If you are in New York this summer I'd like to invite you to my exhibition at the Whitney opening this Thursday, July 1st.
In her first solo exhibition in an American museum, Jill Magid (b. 1973) continues to explore means of penetrating closed systems of power. Taking institutional structures, rules, laws, and language as her media, Magid has developed a conceptually rigorous, largely performance-based practice in which she seeks to engage institutions of power on a personal, intimate level.

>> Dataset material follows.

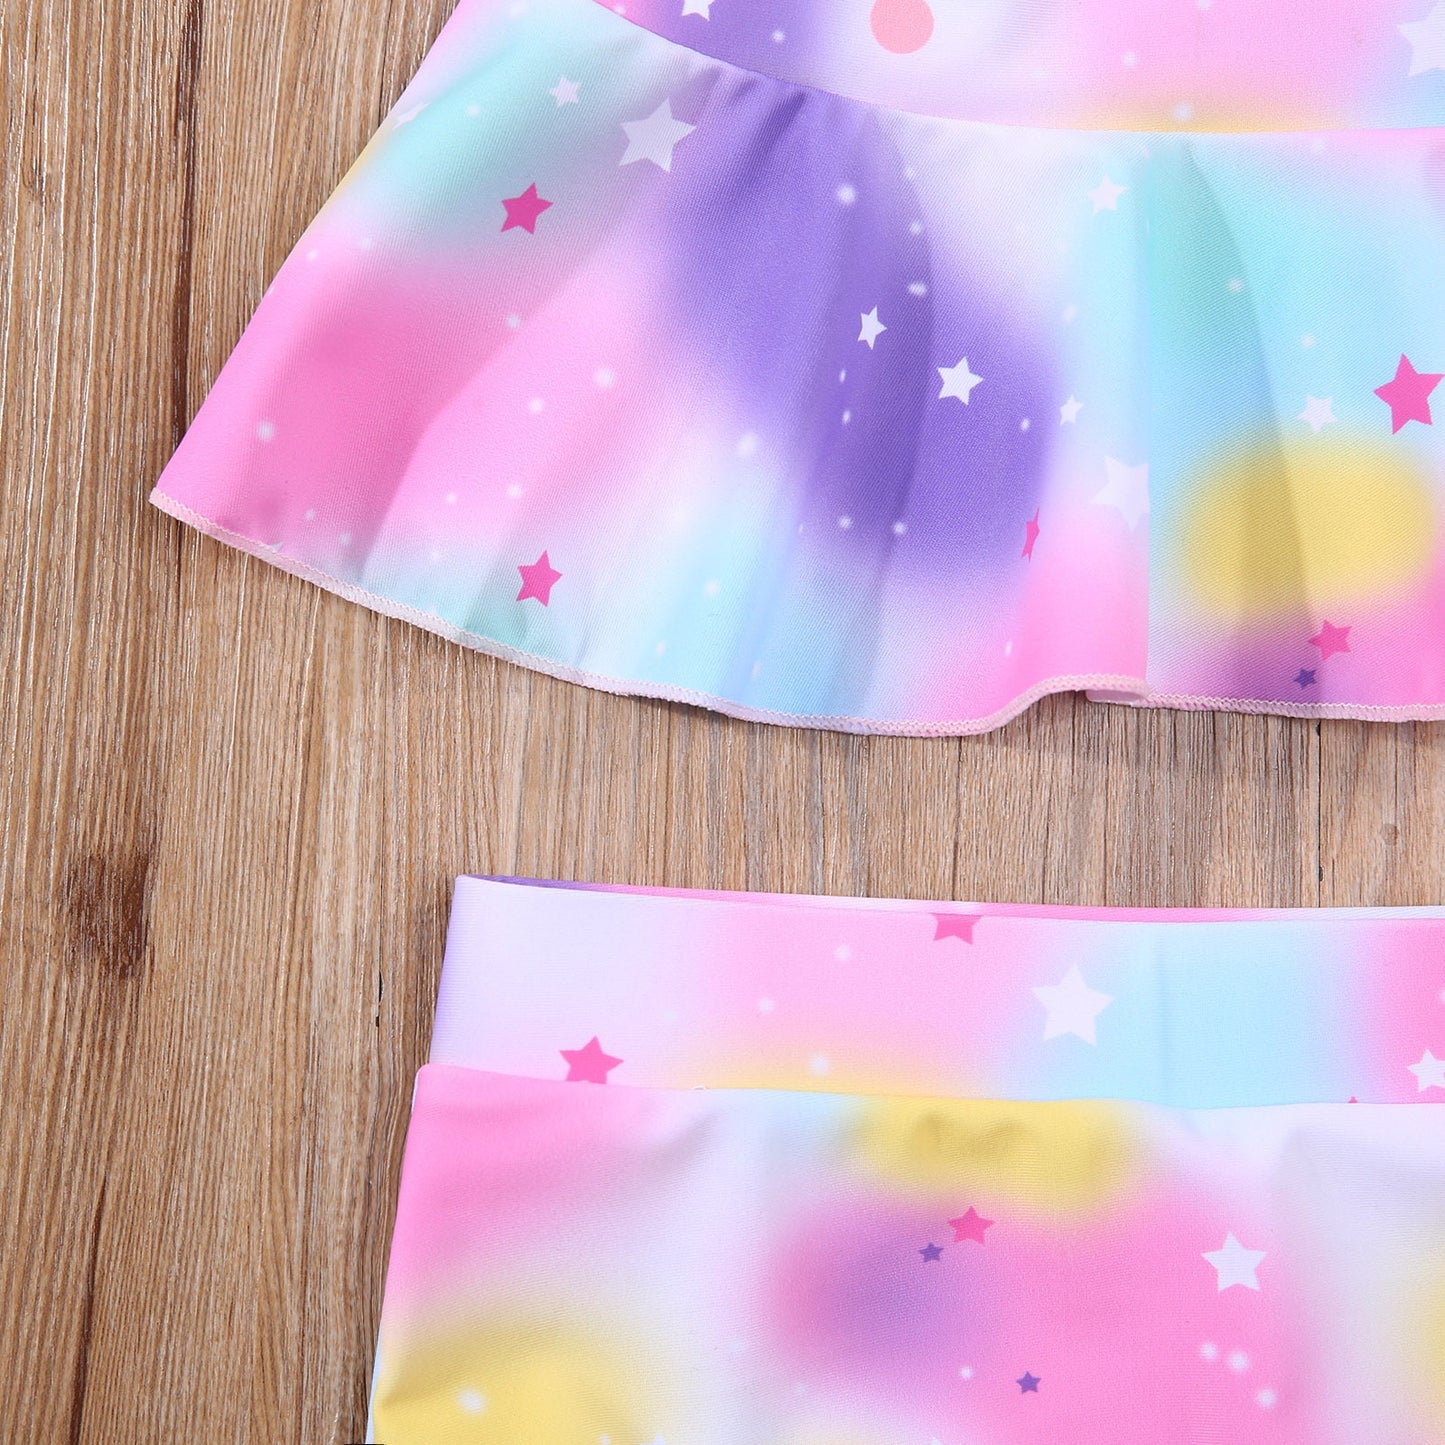 Baby Girls Unicorn Printed Ruffle Beachwear Swimsuit

Developed for the Whitney Museum’s first-floor Anne & Joel Ehrenkranz Gallery, Magid’s A Reasonable Man in a Box takes its point of departure from the “Bybee Memo,” a controversial 2002 document signed by Jay Bybee, Assistant Attorney General of the United States Department of Justice’s Office of Legal Counsel, and declassified by President Obama in 2009. The document discusses acceptable methods of “enhanced interrogation” of a high-level Al Qaeda operative, including the use of a confinement box. As Whitney curatorial assistant Nicole Cosgrove writes in the introductory text, “A Reasonable Man in a Box explores the perversion of reason, and the malleability of language and law. Using video, collage, and text, Magid transforms an international and political issue into a physical and intensely personal experience. The installation represents an artist’s desire to engage a legal memo—and her government—in dialogue, and to unlock a closed system of legal language with a single rhetorical question."
Jill Magid: A Reasonable Man in a Box is organized by Anne and Joel Ehrenkranz Curator Chrissie Iles.